Yet Another Manifesto

When we set out to build consumer software, I pulled together sentiments from our CEO, lessons learned, and principles behind the Agile Manifesto into our own set of principles.

Since I’ve already received permission from my employer to publish it in a paper, Agile Practices and Innovation, I thought I’d include it here.

Oxygen Software Product Development Manifesto

Building consumer software is a joyous and daunting challenge. We, software developers, owe Oxygen and Oxygen’s customers every chance at success. We believe success springs from the following principles:

It’s all for the end user

The most important relationship is between us, the people building these tools and the women and men who are our customers. We must continually refine our products based on ever increasing knowledge of our customers.

Our highest priority is to satisfy the customer through early and continuous delivery of valuable software. — http://agilemanifesto.org/principles.html

People own their identity and information

We respect our customers. We respect their privacy. We believe people own their virtual selves.

To that end, we will never misuse data, we will always provide a way to keep personal information private, we will always give our customers a way to export their assets and remove their identity from our systems.

Each tool we build helps people do a specific thing better than anything else available

Build the best solution for a specific need felt by a broad range of women.

Build simple tools that are useful, elegant and fun and go from there

First build a specific solution and then abet our customers using that tool in ways we never imagined.

This is both a cause and a business

We must remember that this is a business proposition. As our products evolve, we need to understand the revenue models and targets. We need to help define and measure appropriate metrics. We need to do everything we can without sacrificing the other values in this manifesto to achieve the business aim of the company.

Gerry Laybourne is the product owner

If our most important relationship is with our customers, our most important collaboration is with our product owner. Gerry sets our priorities. She must embrace what we are doing. Our relationship must remain direct. The best way to convey information is face-to-face.

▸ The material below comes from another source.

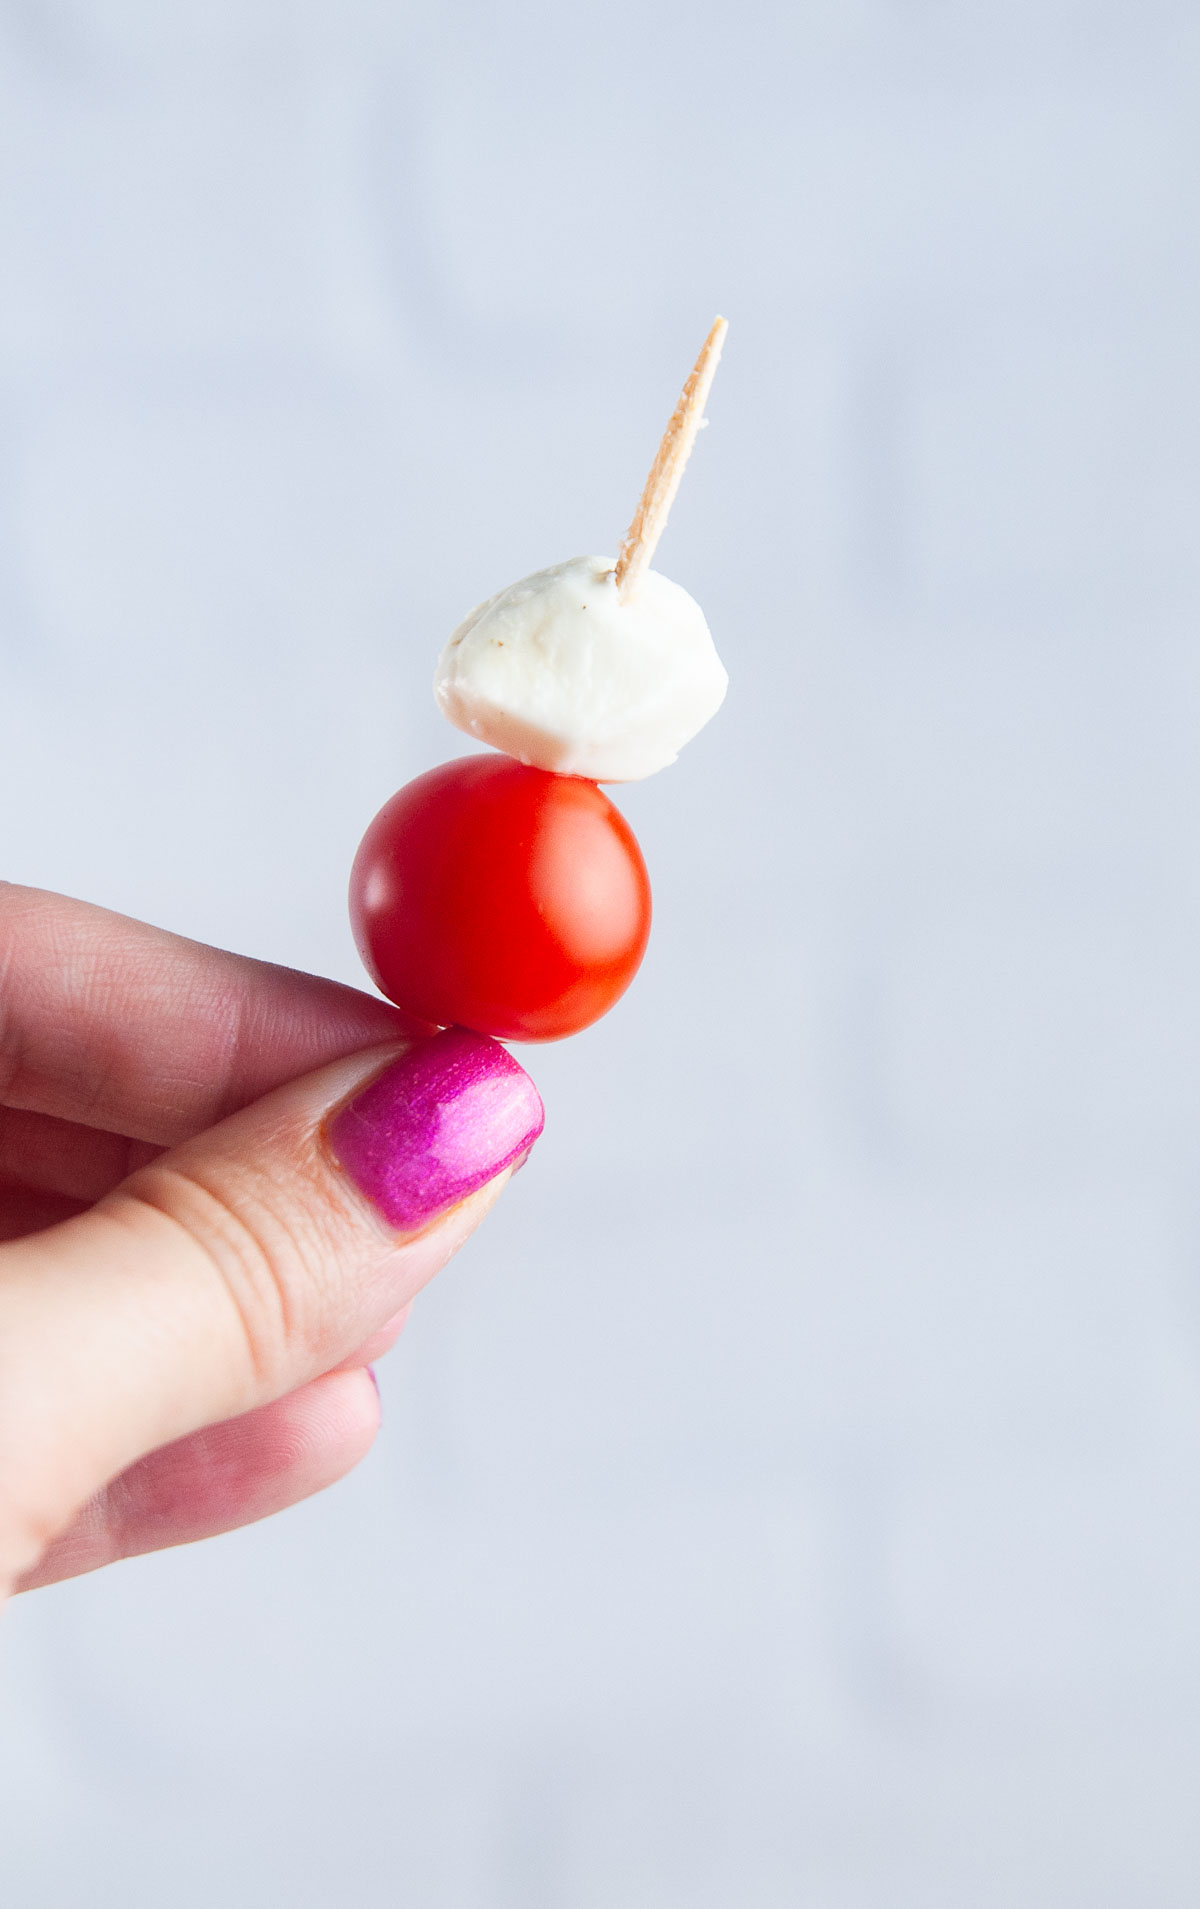 Spear a mini mozzarella ball onto the toothpick after the cherry tomato.

These tools spring first and foremost from Gerry’s imagination. Direct connection between Gerry’s vision and our team’s creative efforts leads to success.

We are inventors

We must imagine solutions outside current limitations and ask ourselves, “what of this can be done now”. We must build something never seen before that when handed to the right consumer feels inevitable and obvious.

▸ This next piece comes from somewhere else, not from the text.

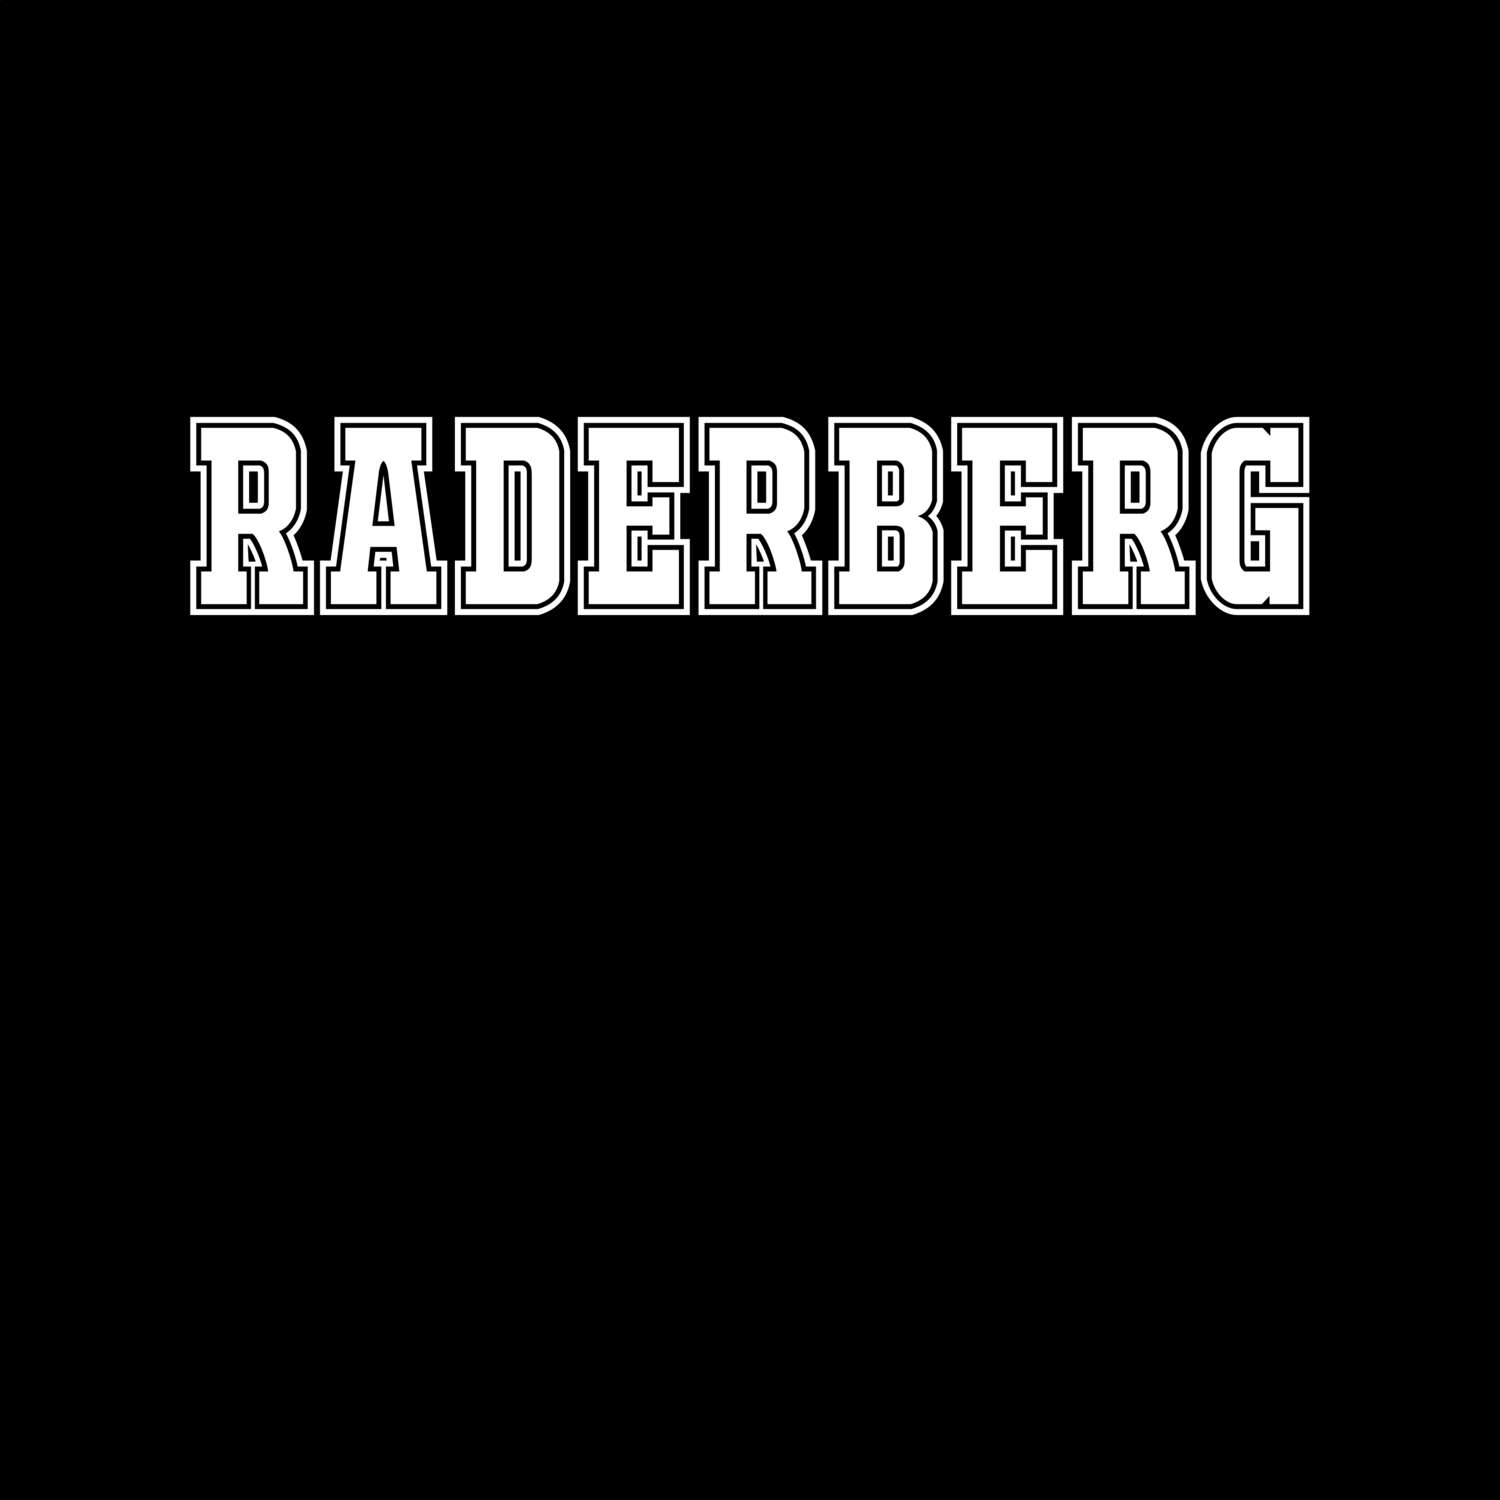 Raderberg T-Shirt »Classic«

We must engage creativity, empathy with our customers, resolute professionalism and an inspired sense of play.

If we don’t love our inventions, no one else will.

We have authority, we are responsible, we are accountable

We are a self-organizing team in the best spirit of Agility.

If we, the people doing the work, allow this project to drift from its founding principles it will fail – with consequences for all concerned. In the face of that possibility, we must have courage to speak truth to power.

Specific technologies and mediums are just tools. Get over them.

This project is about helping our customer get more out of computing and making a profit for our company. We must not let assumptions or affection for specific tools, technologies and platforms on anyone’s part distract us from our mission.

Admit failure and move on

Resources are limited. Set specific, measurable goals. Face the truth and course correct. Don’t knowingly waste time or effort. Don’t use lack of knowledge as an excuse for wasted time or effort.

Love of Craft

My wife is a trained Ringling Brothers Clown College Clown.

Clowning is a difficult profession. It doesn’t receive much respect. It’s hard work. Physical comedy can easily wreck your health as quickly as it drives you broke. Material success means getting to work.

But clowning is a craft with roots as old as performance itself. True practitioners bring great discipline and joy to their work. A talented clown relates to their audience with the spontaneity and innate intelligence of a child while employing a mastery of performance honed by years of training. Good clowning is surprising, stunning, human and hilarious.

However, the level of talent, skill and training vary to extremes. There is no official apprenticeship process. When people think of clowns, they’re often thinking about amateurs who’ve had very little exposure to the work of veteran performers.

It’s easy to be a frighteningly bad clown. Many amateurs paint both the top and bottom of their mouth with a broad stripe of red makeup. They turn their character’s mouth into a gaping maw large enough to devour a child’s head.

If you ever get a chance to hang out with experienced clowns you’ll find out how embarrassed they are by bad performers with horrifying makeup and costume, few skills and little respect for the history and rituals of clowning.

I’d say the difference between what I do and what my wife does is that software developers earn a lot more money and are a lot less fun to watch. Still, what I do is also a craft. To do it well requires aptitude, discipline and apprenticeship. Just as in clowning, there are common mistakes perpetrated by bad or inexperienced developers.

Similar to my wife’s clown college class mates, I feel great pride in my craft and in those who take it up with talent and integrity. I also feel frustration, disappointment and a little outrage at peers who strive for less.